**Raw data**
● ● ● ●

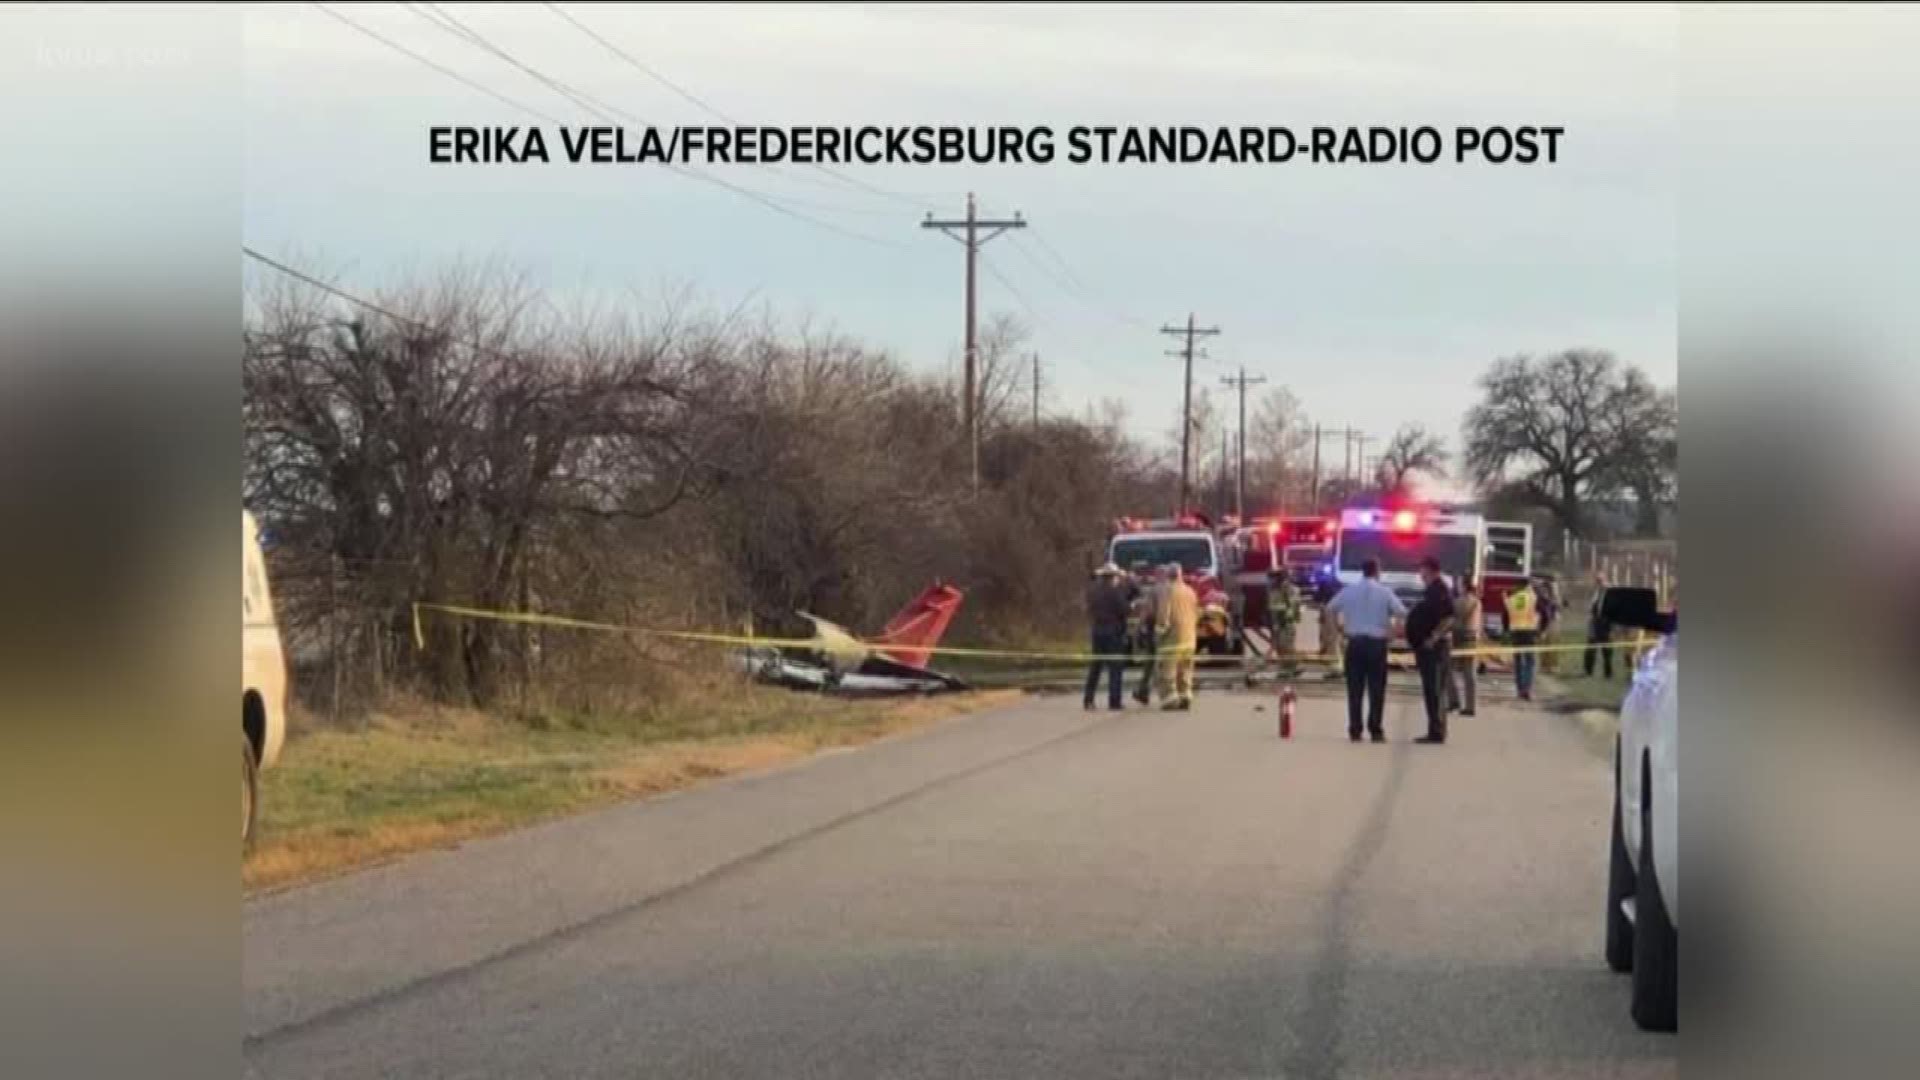 The pilot of a single-engine plane died after crashing Thursday afternoon in an area just outside Fredericksburg, Department of Public Safety officials said.
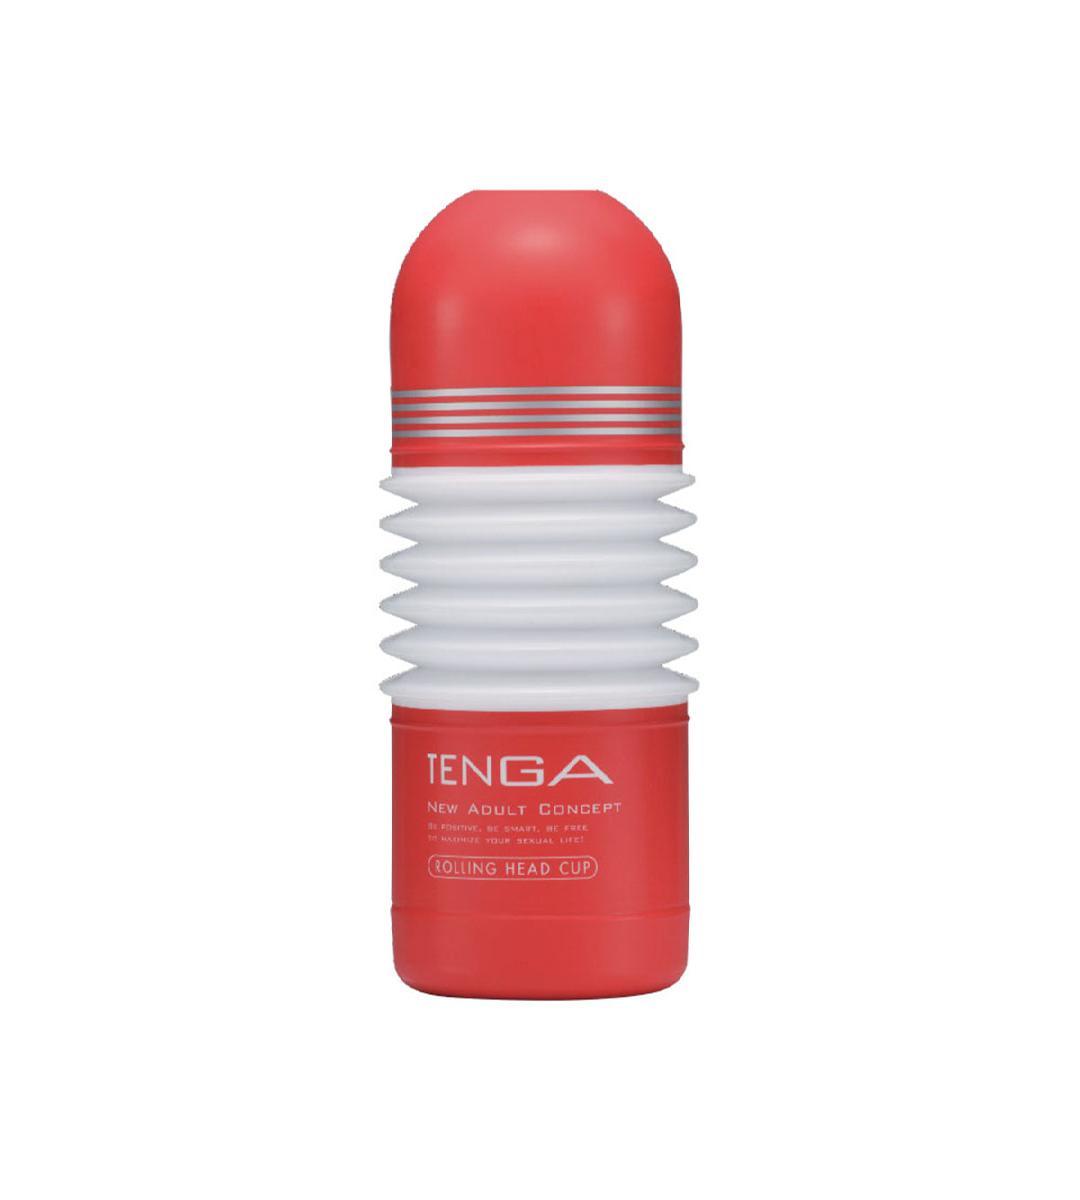 Tenga Standard Rolling Head Cup - Buy At Luxury Toy X - Free 3-Day Shipping
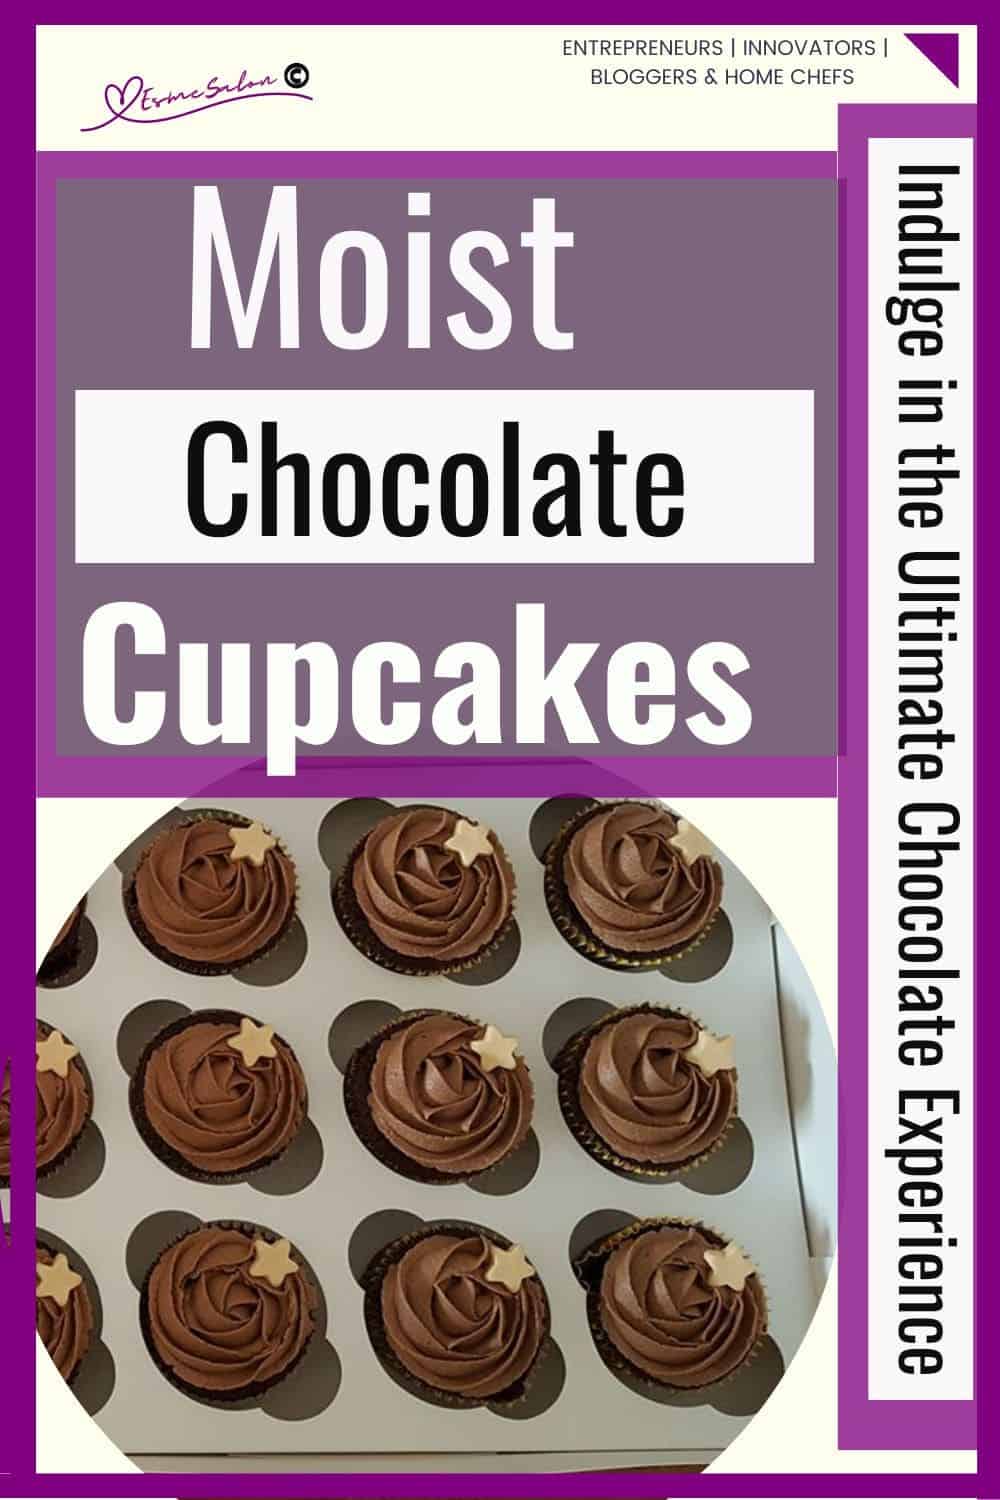 an image of Moist Chocolate Cupcakes with chocolate topping and a golden star as decoration in a cardboard cupcake display tray
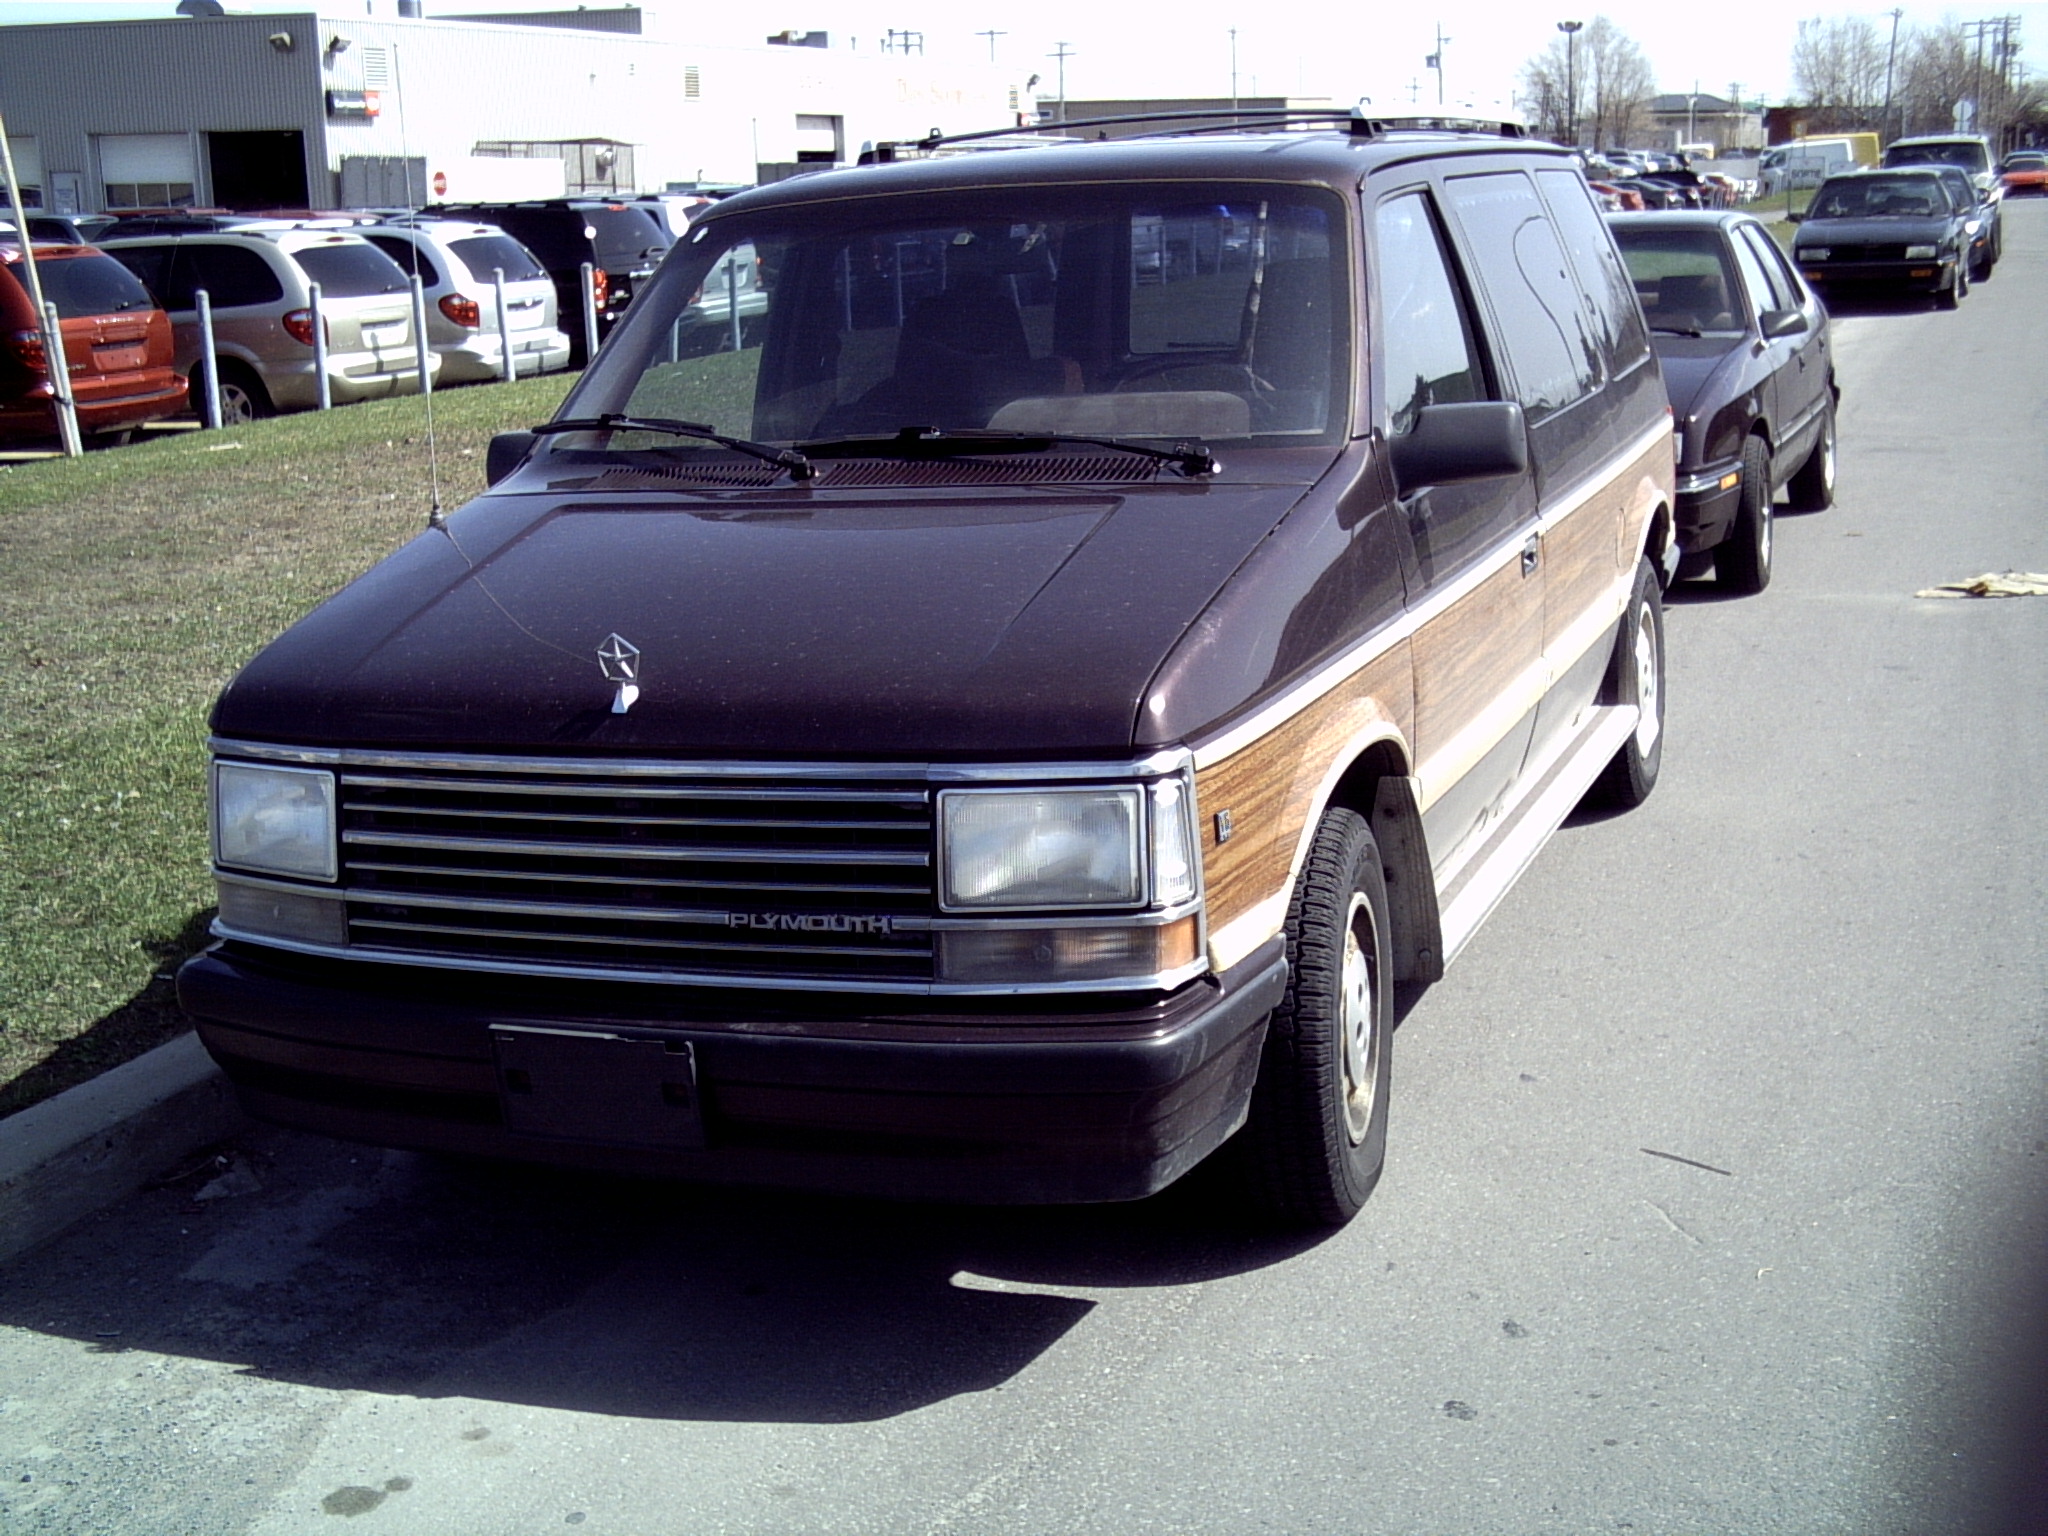 1986 plymouth voyager le mpg

● ● ● ●

**Directions for this task**
The lines wanted are those from the start of the material above through the line with "Tenga Standard Rolling", both included; print them exactly and skip any picture.

**Solution to the exercise**
 The pilot of a single-engine plane died after crashing Thursday afternoon in an area just outside Fredericksburg, Department of Public Safety officials said.
 Tenga Standard Rolling Head Cup - Buy At Luxury Toy X - Free 3-Day Shipping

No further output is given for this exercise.